Integrate Cloud Database (MySQL) using Logstash

Prev Next

Available in VPC

You can build a data pipeline between Search Engine Service and Cloud DB for MySQL using Logstash.

Preliminary tasks

Before following this guide, complete these prerequisites:

  • Create a VPC and server.
  • Create a Cloud DB for MySQL server.
  • Create a Search Engine Service cluster.

The example demonstrates how to run Logstash on a Server to periodically send data from Cloud DB for MySQL to Search Engine Service.

Configure network

This section introduces a network configuration example.

STEP 1. Configure Cloud DB for MySQL User

In Manage DB> Manage DB user, configure the settings to allow the DB user to access from the server IP range.
ses-mysql-user-screen_ko

STEP 2. Configure ACG

To configure the ACG to allow access to port 9092 of the Cloud Data Streaming Service broker node:

  1. In the VPC environment on the NAVER Cloud Platform console, navigate to i_menu > Services > Compute > Server > ACG.
  2. Select "cloud-mysql-xxxx" from the ACG list and click [Set ACG].
  3. Enter ACG rules, and then click [Add].
    ses-5-4-1-1_ko
    • Protocol: TCP
    • Access source: IP of the server where Logstash is to run
    • Allowed port: The port configured in the DB (Default: 3306).
  4. Click [Apply].

To configure ACG to allow access to port 9200 of the Search Engine Service manager node:

  1. In the VPC environment on the NAVER Cloud Platform console, navigate to i_menu > Services > Compute > Server > ACG.
  2. Select "searchengine-m-xxxxx" from the ACG list and click [Set ACG].
  3. Enter ACG rules, and then click [Add].
    cdss-5-6_ko
    • Protocol: TCP
    • Access source: IP of the server where Logstash is to run
    • Allowed port: 9200

Install Logstash

This section introduces an example of installing Logstash on a server. The installation process includes steps for both Elasticsearch and OpenSearch.

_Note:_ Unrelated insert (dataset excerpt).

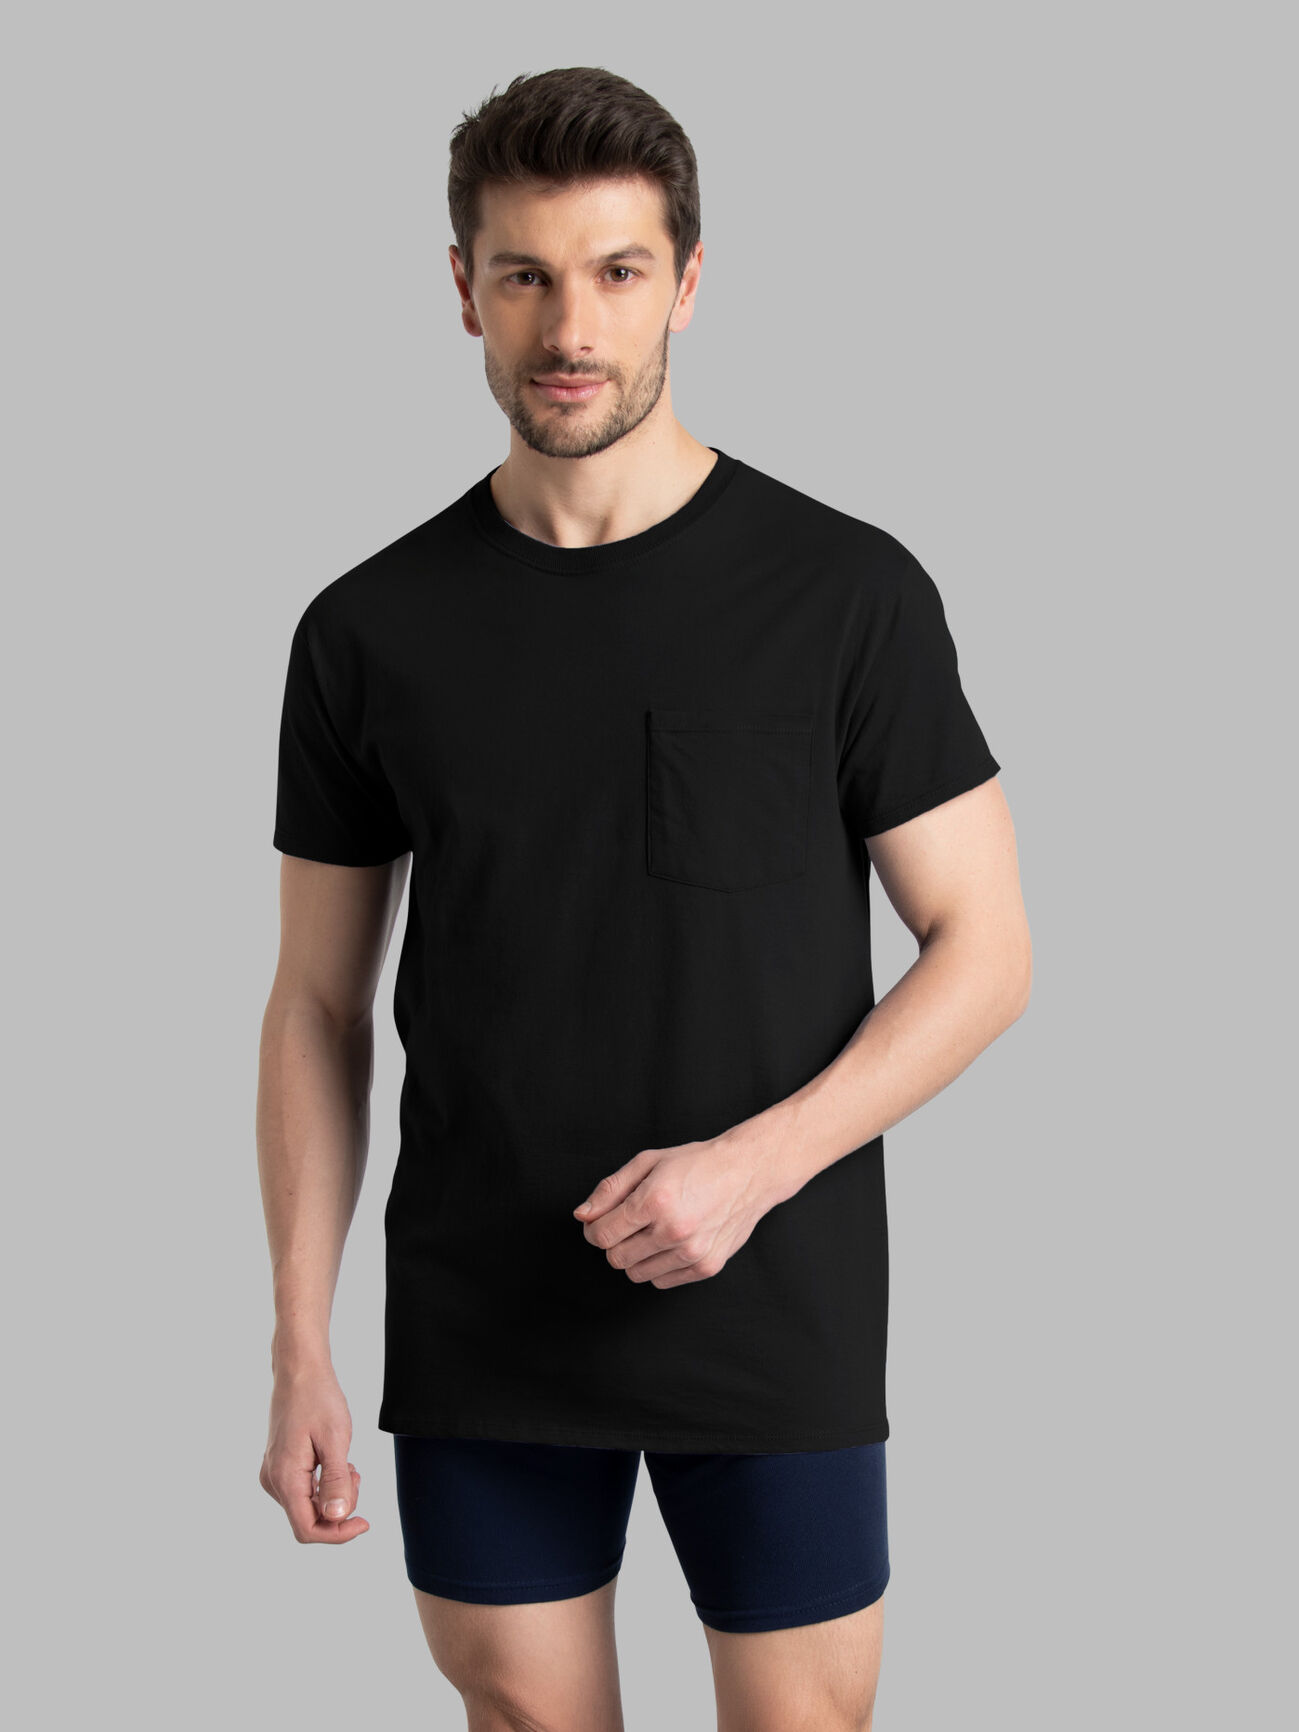   Essentials Men's Slim-Fit Short-Sleeve Crewneck Pocket  T-Shirt, Pack of 2, Black, X-Small : Clothing, Shoes & Jewelry

Install the version that matches the service you are using to ensure proper testing.

STEP 1. Install Java

To install Java:

  1. Enter the following command to install Java:
yum install java-devel -y

STEP 2. Install Logstash

To install Logstash:

Note

Use the OSS-licensed version to ensure proper operation.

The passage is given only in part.